Now that you have trained your model, you probably want to save it for
future use. Additionally, you probably also want to add metadata such as
training accuracy and epochs trained. You can do this easily. Simply
point to a file location with ``Paths.get``. Metadata can be saved with
the ``setProperty`` method.
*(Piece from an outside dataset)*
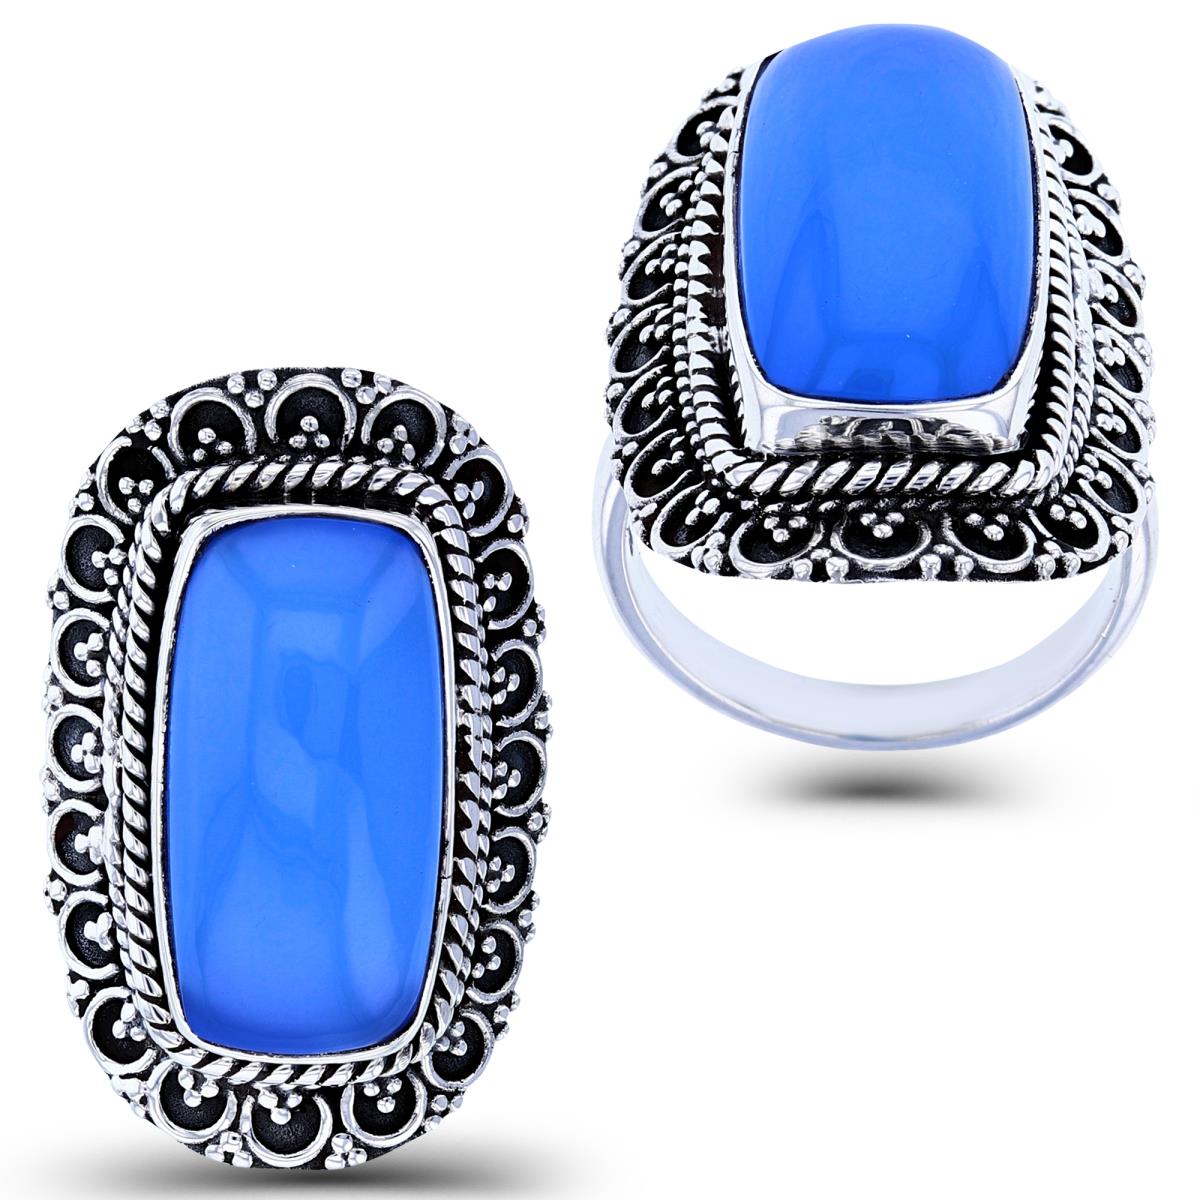 Sterling Silver Oxidized Bezel 20x10mm Cush Cabochon Blue Chalcedony Textured Ring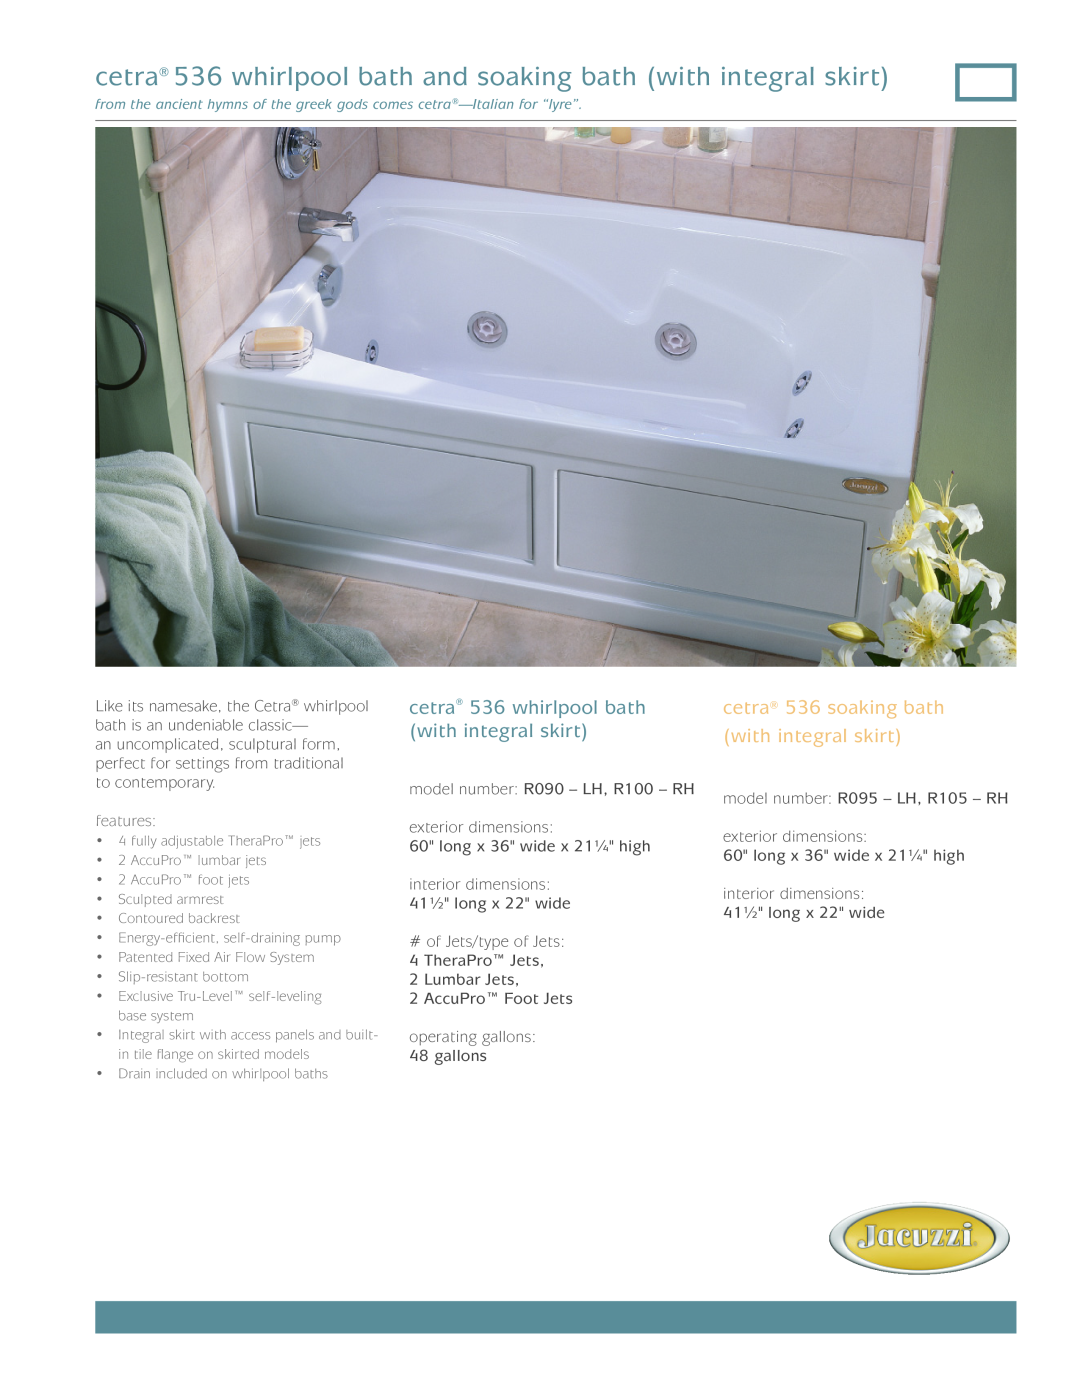 Jacuzzi R100-RH dimensions cetra 536 whirlpool bath and soaking bath with integral skirt, cetra 536 soaking bath, features

Then call the ``save`` method on the model
to save it!

.. code:: java

    Path modelDir = Paths.get("../models/lin-reg");
    Files.createDirectories(modelDir);
    
    model.setProperty("Epoch", Integer.toString(numEpochs)); // save epochs trained as metadata
    
    model.save(modelDir, "lin-reg");
    
    model


.. parsed-literal::
    :class: output

    Model (
    	Name: lin-reg
    	Model location: /codebuild/output/src863413548/src/github.com/deepjavalibrary/d2l-java/chapter_linear-networks/../models/lin-reg
    	Data Type: float32
    	Epoch: 3
    )


Summary
-------

-  Using DJL, we can implement models much more succinctly.
-  In DJL, the ``training.dataset`` package provides tools for data
   processing, the ``nn`` package defines a large number of neural
   network layers, and the ``Loss`` class defines many common loss
   functions.
-  DJL's ``training.initializer`` package provides various methods for
   model parameter initialization.

Exercises
---------

1. Review the DJL documentation to see what loss functions and
   initialization methods are provided in the class ``Loss`` and
   ``Trainer``. Replace the loss with L1 Loss.
2. How do you access the parameters during training?